Streamlit Open Source versions running on Windows that precede 1.54.0 possess an unauthenticated server‑side request forgery flaw. The flaw stems from inadequate validation of filesystem paths supplied by an attacker. When a malicious UNC path such as \\attacker-host\share is provided, the Streamlit process resolves the path using functions like os.path.realpath() before performing full validation. This allows the server to initiate outbound SMB traffic on port 445. As Windows attempts to authenticate to the remote SMB share, the NTLMv2 challenge‑response credentials of the user account under which the Streamlit process runs may be transmitted.
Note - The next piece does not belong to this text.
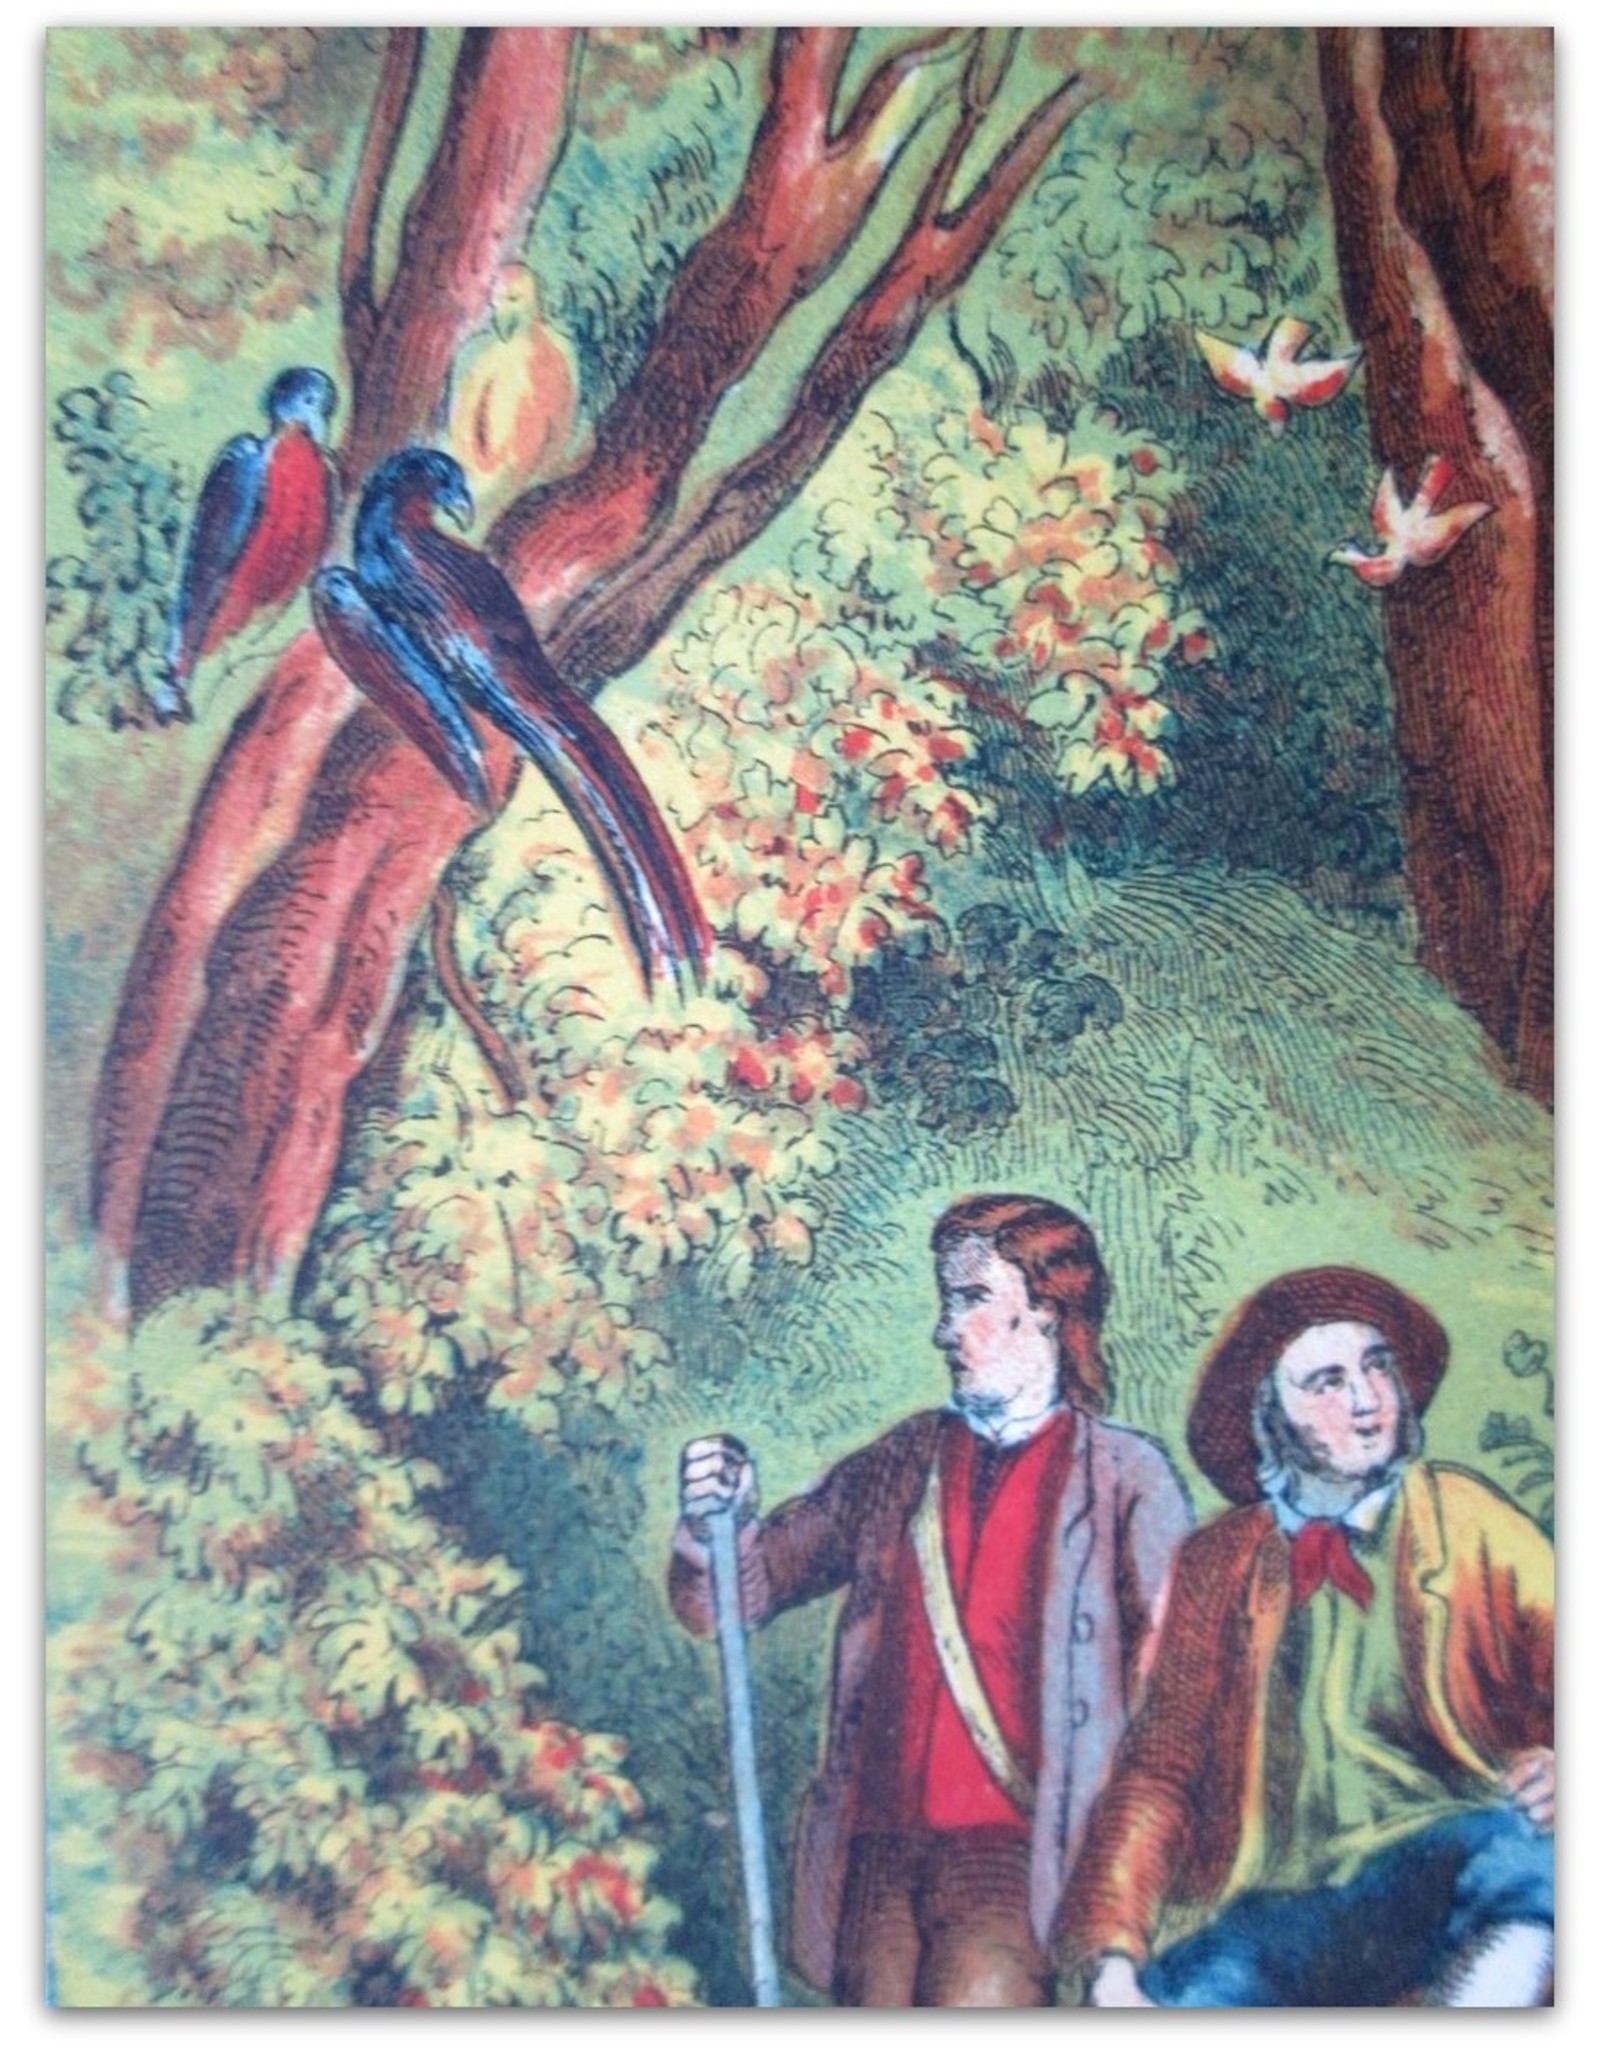 [Johann David Wyss] - De Zwitsersche Robinson Crusoe. Eene geschiedenis; voor kinderen naverteld door J.J.A. Goeverneur

An attacker could leverage this to execute NTLM relay attacks against other internal services or to discover reachable SMB hosts through timing analysis, thereby compromising confidentiality and integrity of the underlying environment.

The affected systems are installations of the Streamlit framework, specifically the streamlit:streamlit product. Any Windows host running Streamlit Open Source prior to version 1.54.0 is vulnerable. The flaw is tied to code paths within the ComponentRequestHandler component and manifests when UNC paths are supplied by an unauthenticated client, so the impact is limited to environments where Streamlit is exposed on the network.

The CVSS score of 4.7 indicates moderate severity, and the vulnerability is not currently listed in the CISA Known Exploited Vulnerabilities catalog. EPSS data is unavailable, but the attack requires the attacker to direct a malformed request to a vulnerable Streamlit instance; the path may be discovered by scanning the network. Exploitation would succeed without special privileges beyond network reachability to the Streamlit server. Given the potential for NTLM credential leakage and relay attacks, the risk is non‑trivial in environments with sensitive internal services.